M. T. Amboage-Paz, J. A. Diaz-Peromingo , Spain.

The presence of two or more chronic disorders in the same patient or comorbidity, is increasingly common nowadays. Comorbidity between depression and physical disorders is variable and can lead to a worsening of the associated physical diseases. Our objective is to assess the prevalence of depression and comorbidity in patients with physical diseases and the possible associated risk factors.
Material and methods:
We included 2659 patients with comorbidities according to the Charlson Comorbidity Index (CCI) who were also evaluated for the coexistence of hypertension, atrial fibrillation, anemia, depression, smoking and alcohol intake. In patients with reported depression, the most frequent associated comorbidities were studied.
Mean age was 73 years old (59.3% women), 11.6% were smokers and 11.3% referred alcohol intake. Mean CCI score was 3. Prevalence of depression reached 28.5%. The variables most frequently associated with depression were hypertension, anemia, atrial fibrillation, cerebrovascular disease, ischemic heart disease, heart failure, diabetes mellitus, dementia, liver disease, chronic kidney disease, COPD, thromboembolic disease, cancer, and peripheral vascular disease.

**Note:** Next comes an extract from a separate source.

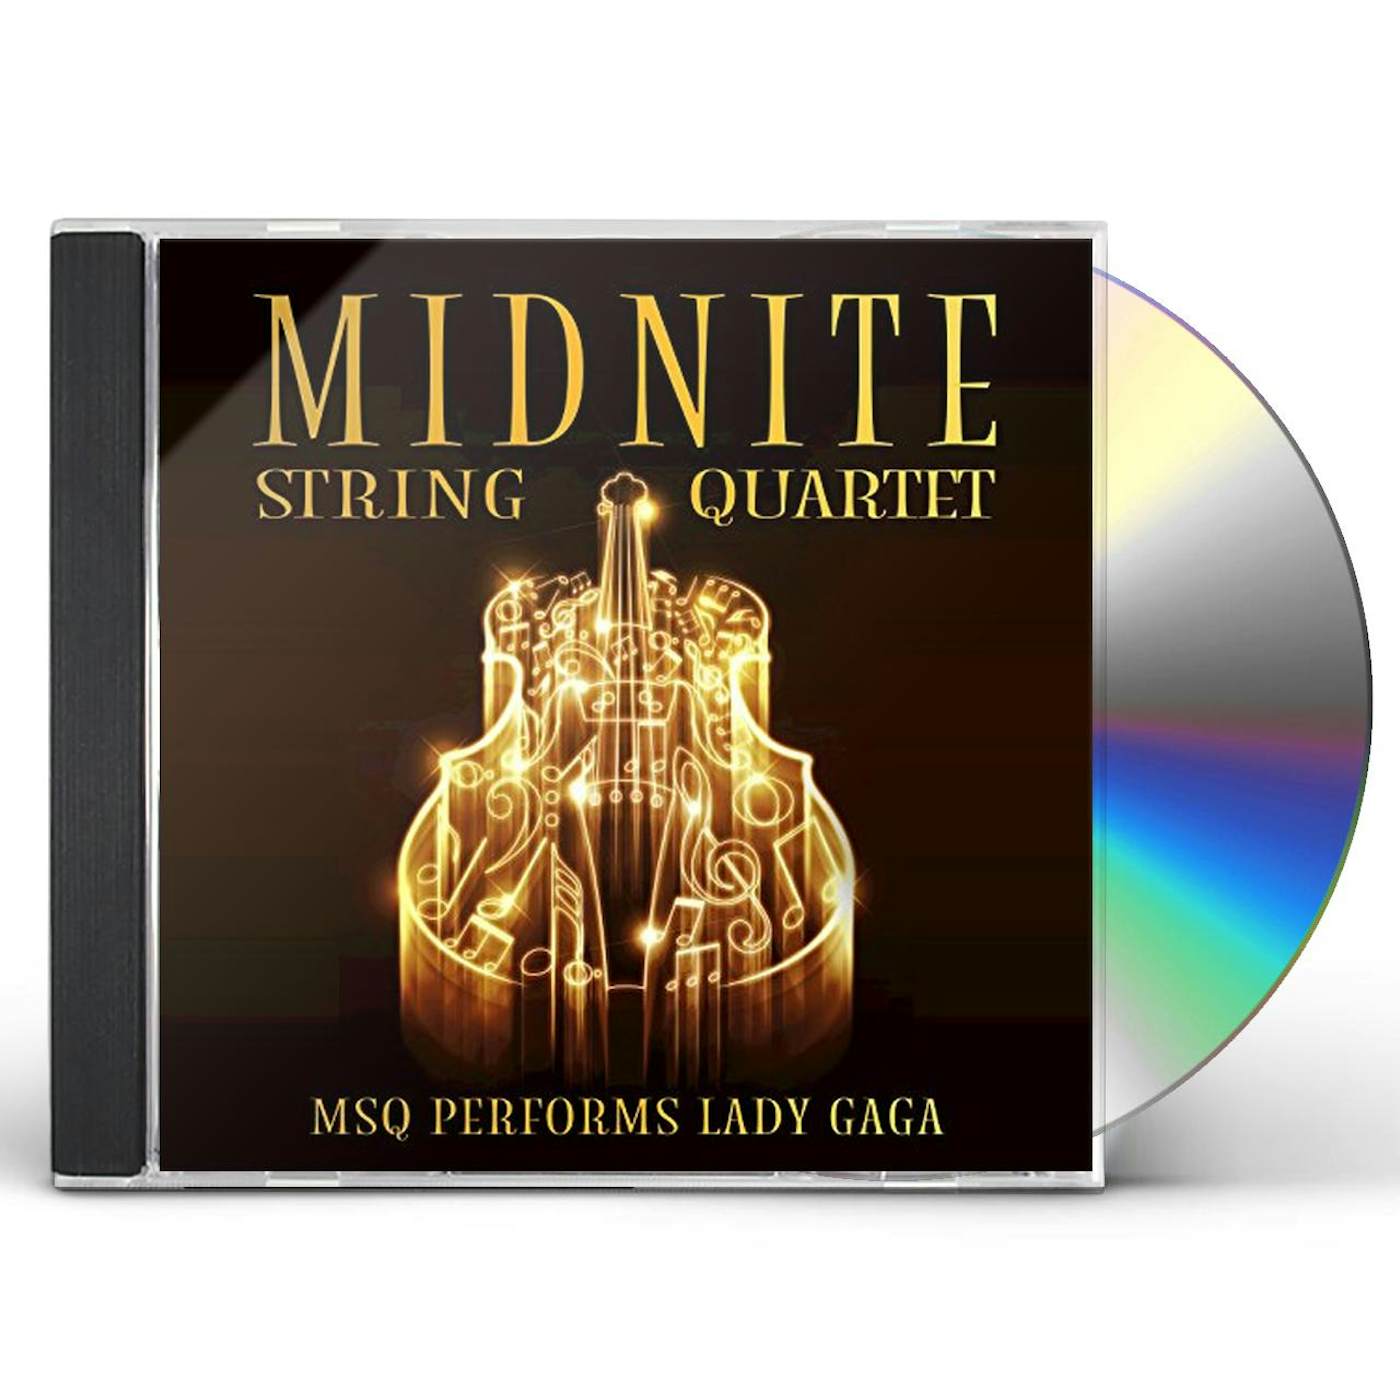 Midnite String Quartet MSQ PERFORMS LADY GAGA (MOD) CD

Comorbidity is common in patients with depression. The high frequency of arterial hypertension, anemia, atrial fibrillation, ischemic heart disease, heart failure, diabetes mellitus and dementia is remarkable in our patients. On the other hand, patients with arterial hypertension, cerebrovascular disease, thromboembolic disease, COPD, liver disease, diabetes mellitus, hemiplegia, atrial fibrillation, and anemia have a higher risk for depression. Identifying these patients can be useful in the prevention and early diagnosis of patients with depression.